Don’t get me wrong, I loved Animal Well, thought it was a stellar and unique metroidvania, but I don’t recall any things that couldn’t have been accomplished with Godot or Unity.
Great story. Cool philosophy about “focus on getting your unique game engine up first then see what you can build with it.”
I think that story contrasts well with some advice I saw from maybe Pirate Software. He said - younwant tonmake an engine if you want to do something specific that can’t be done with a stock engine. Animal well seems to fit the bill.
What is Animal Well doing that couldn’t be done with a stock engine? Genuine question; I’ve only seen videos and it looks like a rather standard kind of platforming game. What’s going on under the hood?
I don’t think it’s necessarily that something can’t be done, but each engine has its own idiosyncrasies and ways of doing things, and if you want to build something unique you’d still have to build all your own ways of doing something in another engine on top of the already existing ways of doing something. There is also a lot of flexibility in rolling your own engine, and it’s leaner too. Of course you can create an Animal Well in Unity, but out of the box it has very many systems that are unneeded, get in the way, possibly can’t be disabled and take up resources, bugs that you can’t fix and have to rely on the unity team for, etc. And if you do find bugs that you can’t work around and you use an older unity version (because migrating to newer versions could break things, and you started development 6 years ago) the bugs often won’t be fixed as your unity version isn’t supported anymore.
I know that’s a direct quote from the developer, but I disagree that is what actually happened.
The Animal Well journey began in two phases, Basso says: a quick stab at a Metroidvania-styled prototype in 2012, and a bespoke engine project that he took more seriously, which he began coding alone in 2014 during his day job’s off hours.
It was 2017, and some of the design ideas from his 2012 Metroidvania lark had continued pulling on him, so Basso “wrote off” his 3D engine as “a learning experience” and started anew with 2D search action as a priority.
It seems clear to me the prototype did more heavy lifting than he’s giving credit. He clearly had an established vision beginning with the prototype. He spent three years thinking 3D was the best way to achieve that goal, but that goal was clearly based on the prototype.

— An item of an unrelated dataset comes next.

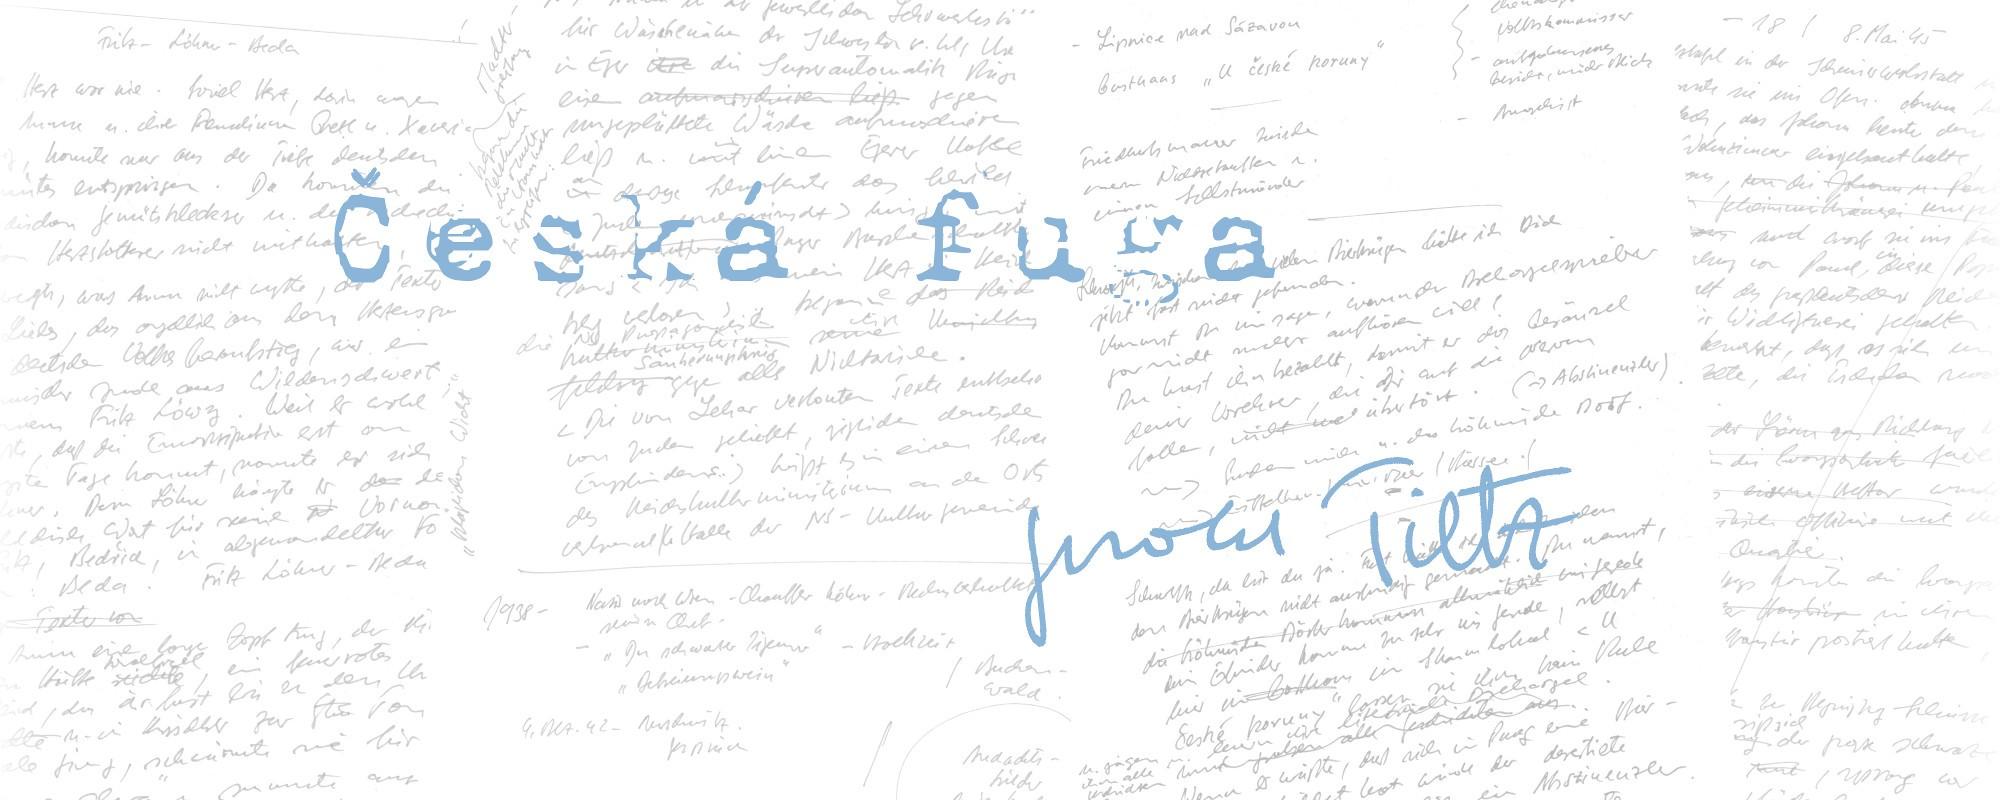 Gerold-Tietz-Ceska-Fuga-Schriftbild
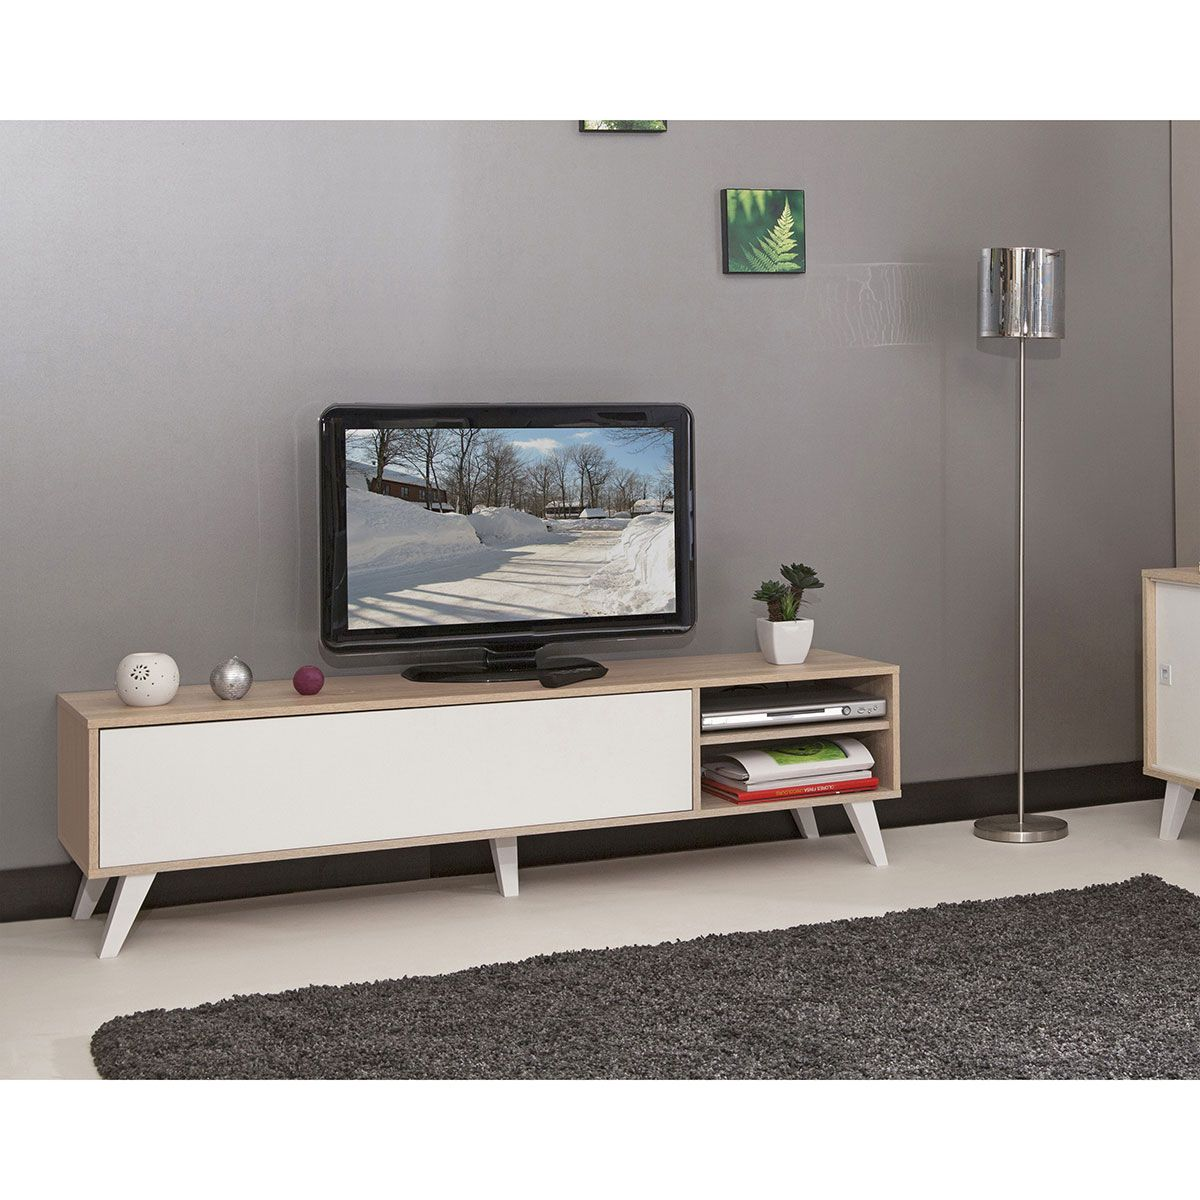 Meuble Tv Pieds Inclin S 165 Cm Ch Ne Blanc Chene Blanc Meuble  # Meuble Tv Pied Bois

At some point it was clear that 3D was drifting away from the core, so the switch to 2D and a renewed focus was the answer.
It’s also clear that they had a distinct art style in mind from the start.
For his new game, he wanted pixels to scale perfectly to a variety of common screen resolutions, along with visual effects that meshed well with his integer-scaled pixel art.
And that existing engines couldn’t meet that distinct art style.
That home-brew engine is what gives the game its unique look and can allow for unique game elements, but that initial prototype was clearly the guide.